Сноровисто и не по-женски уверенно правила лошадью сразу помолодевшая Катерина. Через полчаса маршал знал о ее жизни почти все. Что измоталась она за войну: как-никак трое на руках. А работы выполняет разные… и что старость пришла к ней: на петров день тридцать пять стукнуло…

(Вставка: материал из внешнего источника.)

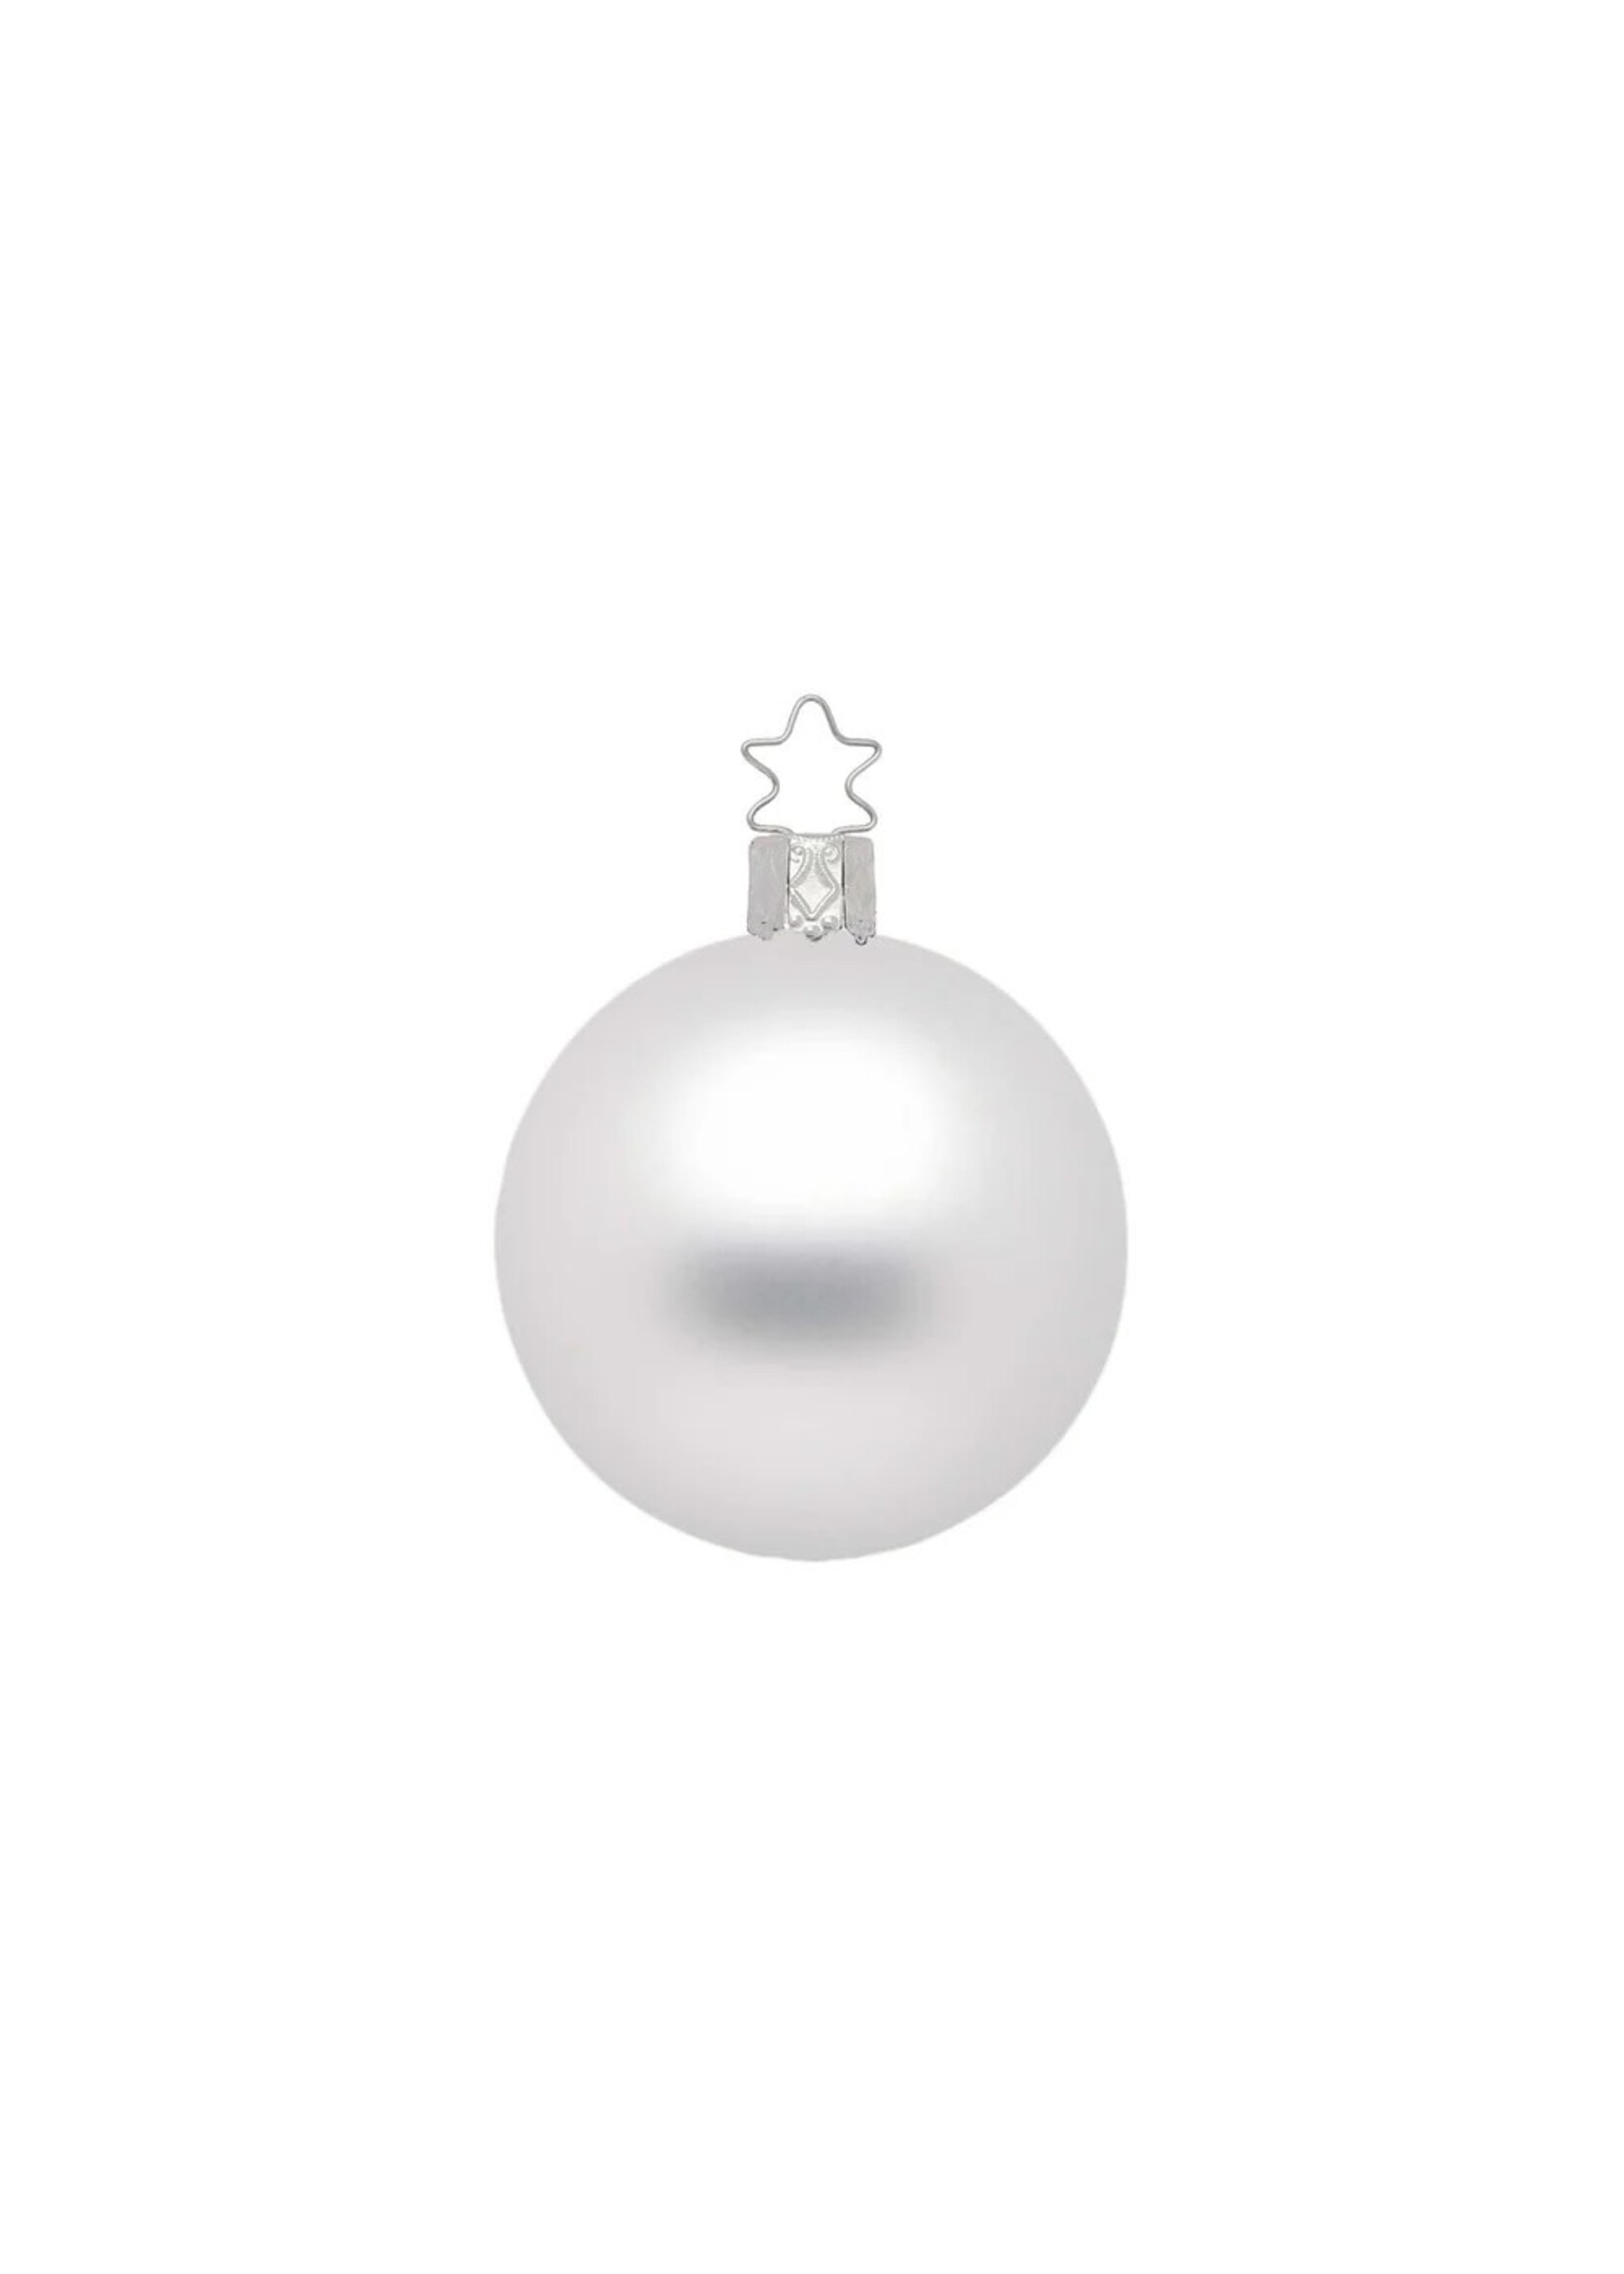 Ornament - Ball White Matt 4"

Он слушал открытую и бесхитростную женщину. Все ее слова были теплыми и понятными — о многотрудной жизни большого, терпеливого и смелого народа, который только что вышел из ужасной, невиданной войны.
Перед глазами плыла неброская, бедная земля пострадавшего от войны Нечерноземья, тащились навстречу посеревшие, совсем сникшие в лихолетье деревеньки. И хоть летним разнотравьем природа принарядила поля и перелески, нищета и неустроенность глядели отовсюду.
Обложные дожди шли третьи сутки. Парные капли струились торжественно и тихо, неслышно гасли в траве, драгоценными переливами искрились на изумрудных, трепещущих листьях. Гром гремел вполсилы, приглушенно и не зло, он не раздирал небеса, а погромыхивал тихо и умиротворенно — видно, небо устало от военных раскатов. Мягкие зарницы обнимали далекий горизонт, но уже не втягивали боязливо головы бабы. Их заботило другое — под сполохами зарниц созревали травы, поспевали хлеба, а мужики все еще не шли из далекой Германии. Вытянувшиеся, не помеченные крепкой костью взрослости, басили ломкими голосами и мужичились их сыновья. Неумело отбивали по утрам косы, на манер отцов хлопали калитками, накуривались самосадом до хрипоты, дерзили матерям.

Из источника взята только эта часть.